### TASK DETAILS
Print, exactly as they stand, the lines below from the one that has "トレーニングジム/オンラインアカデミー「Accum」のロゴ" to the one that has "Bett mit Retro", inclusive, leaving out the pictures.

### RECORDS PROVIDED

----

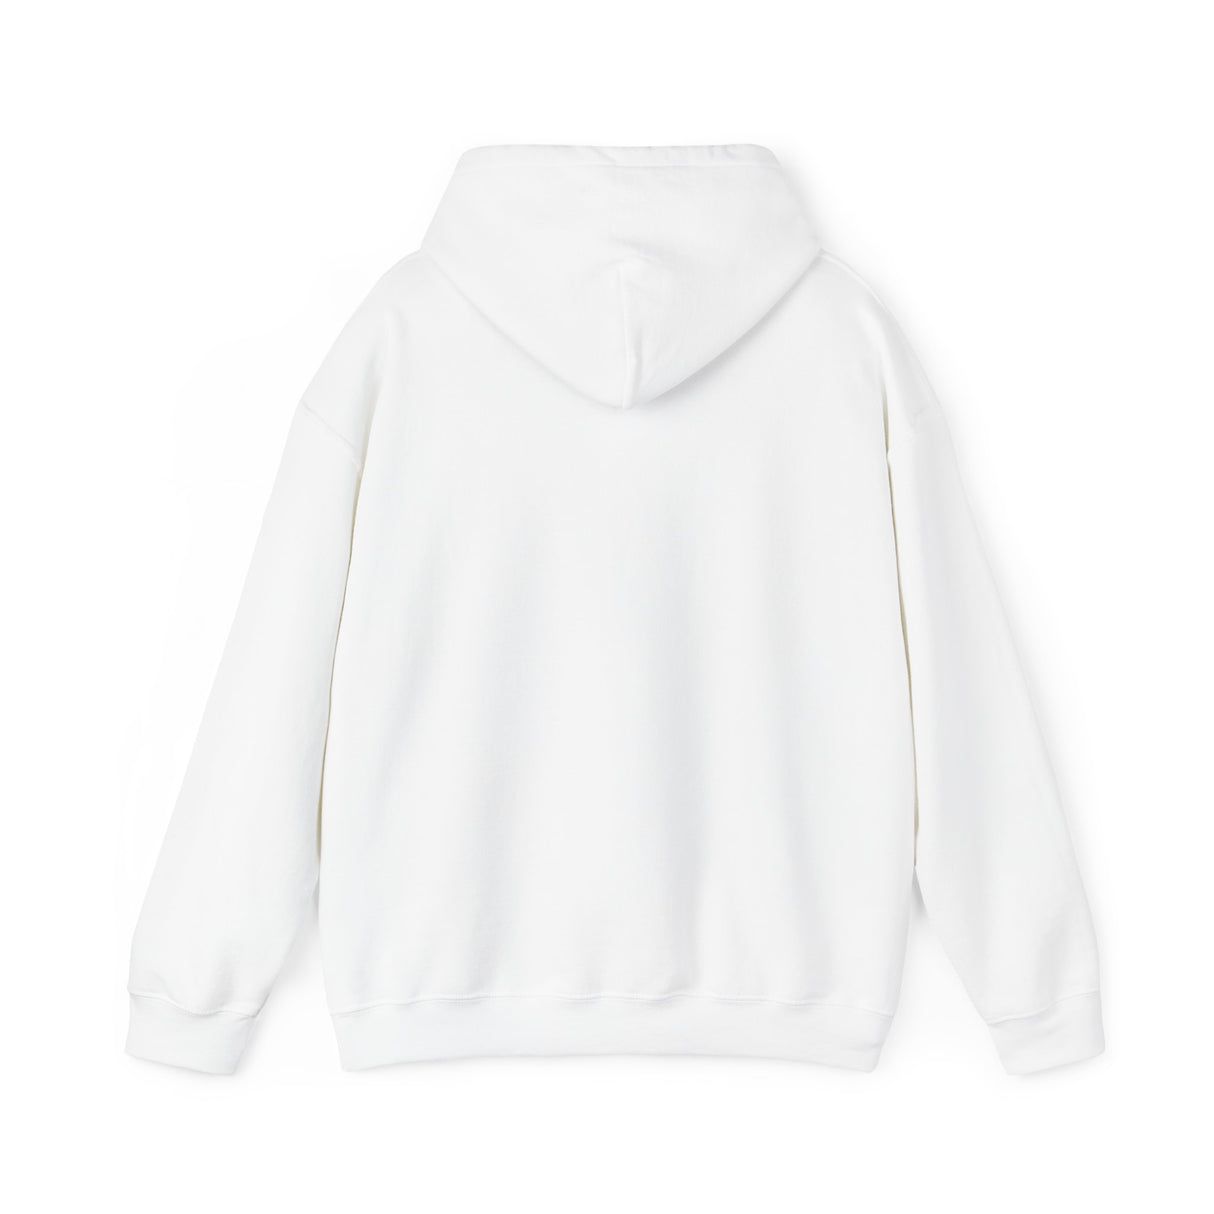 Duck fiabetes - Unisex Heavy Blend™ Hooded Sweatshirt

----

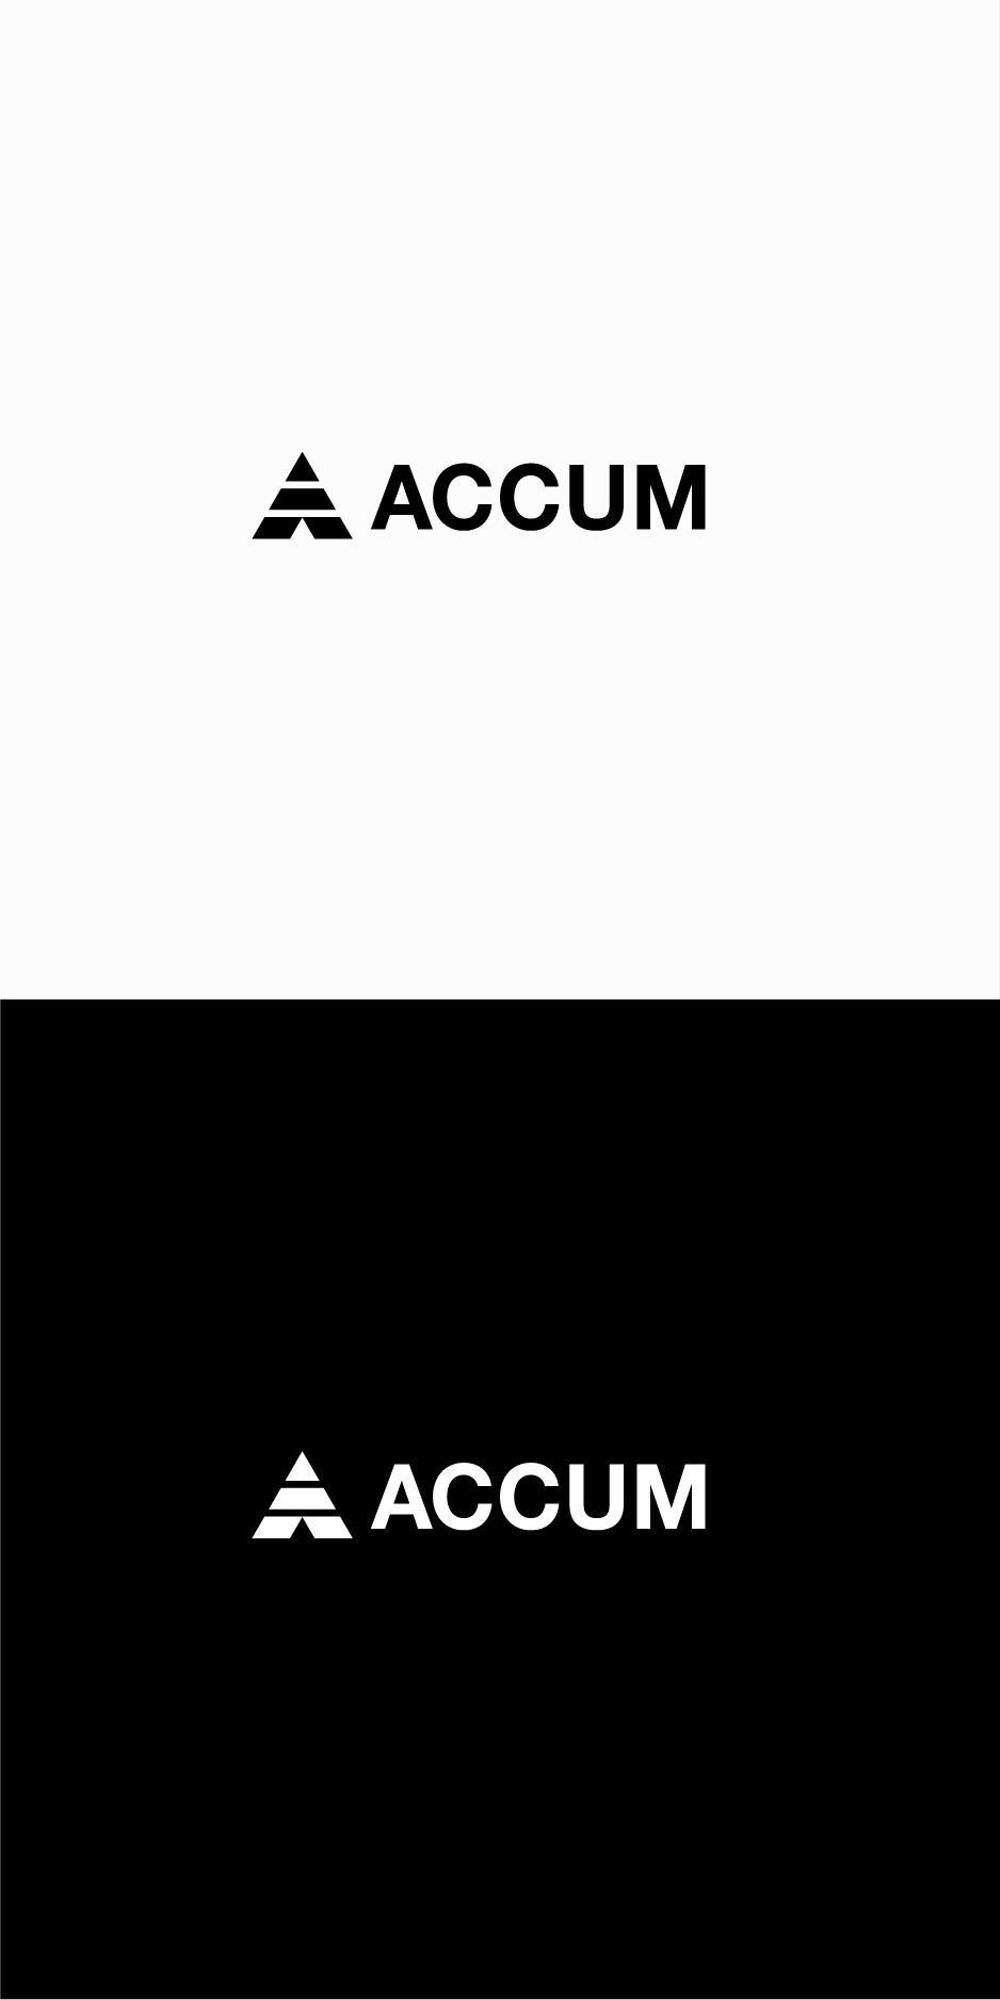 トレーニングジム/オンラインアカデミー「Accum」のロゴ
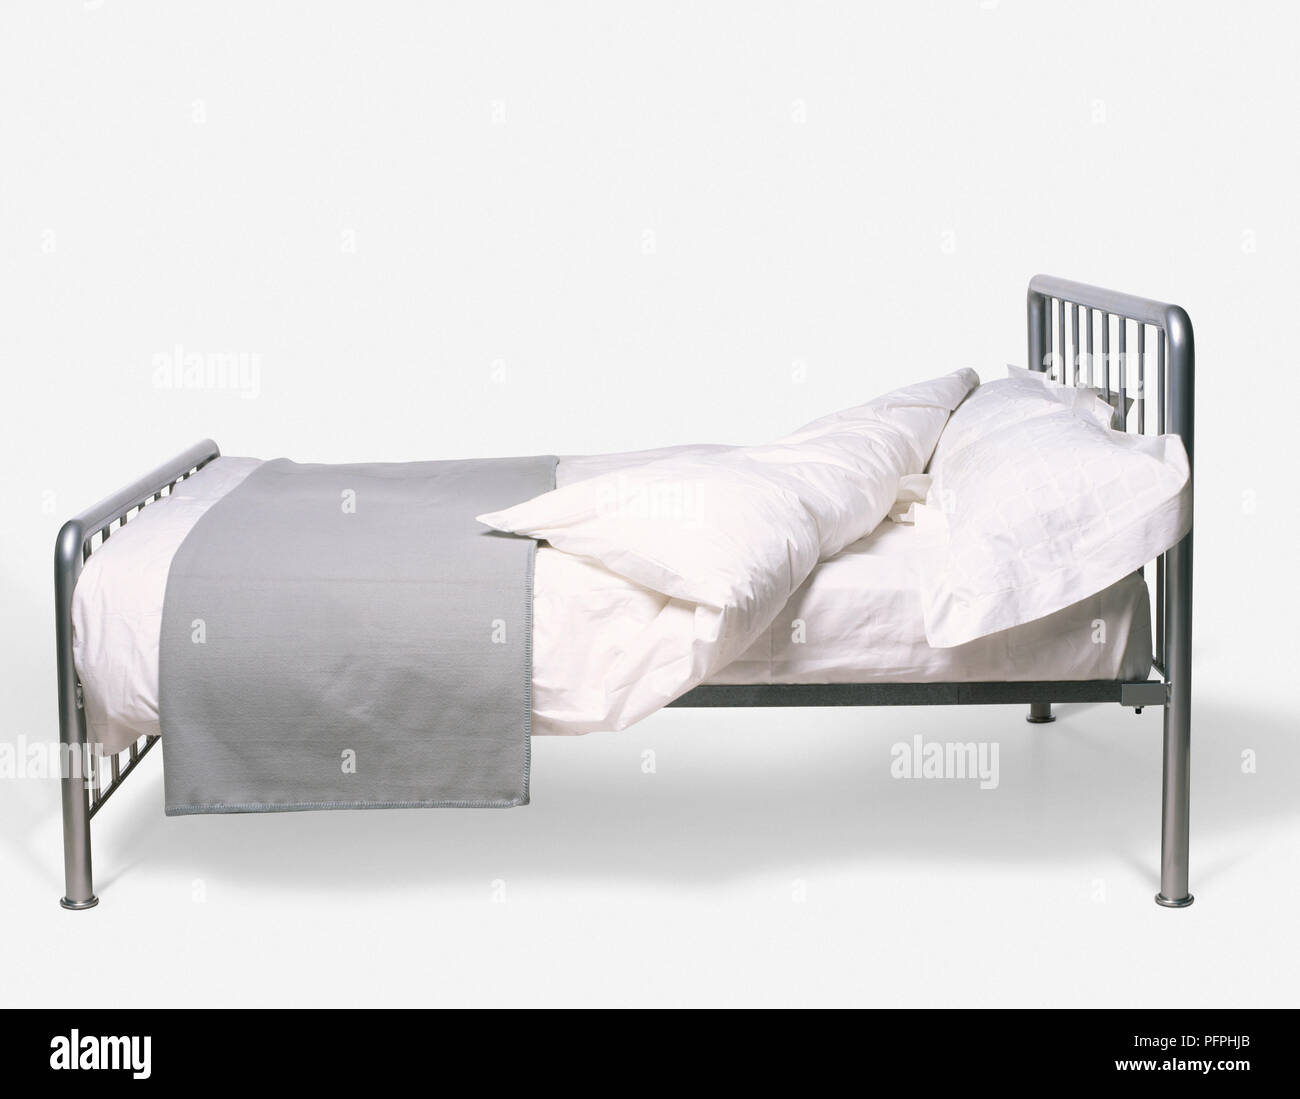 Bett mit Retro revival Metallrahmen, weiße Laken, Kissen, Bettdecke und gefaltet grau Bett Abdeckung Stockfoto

----

### OUTPUT BELOW
 トレーニングジム/オンラインアカデミー「Accum」のロゴ
 Bett mit Retro revival Metallrahmen, weiße Laken, Kissen, Bettdecke und gefaltet grau Bett Abdeckung Stockfoto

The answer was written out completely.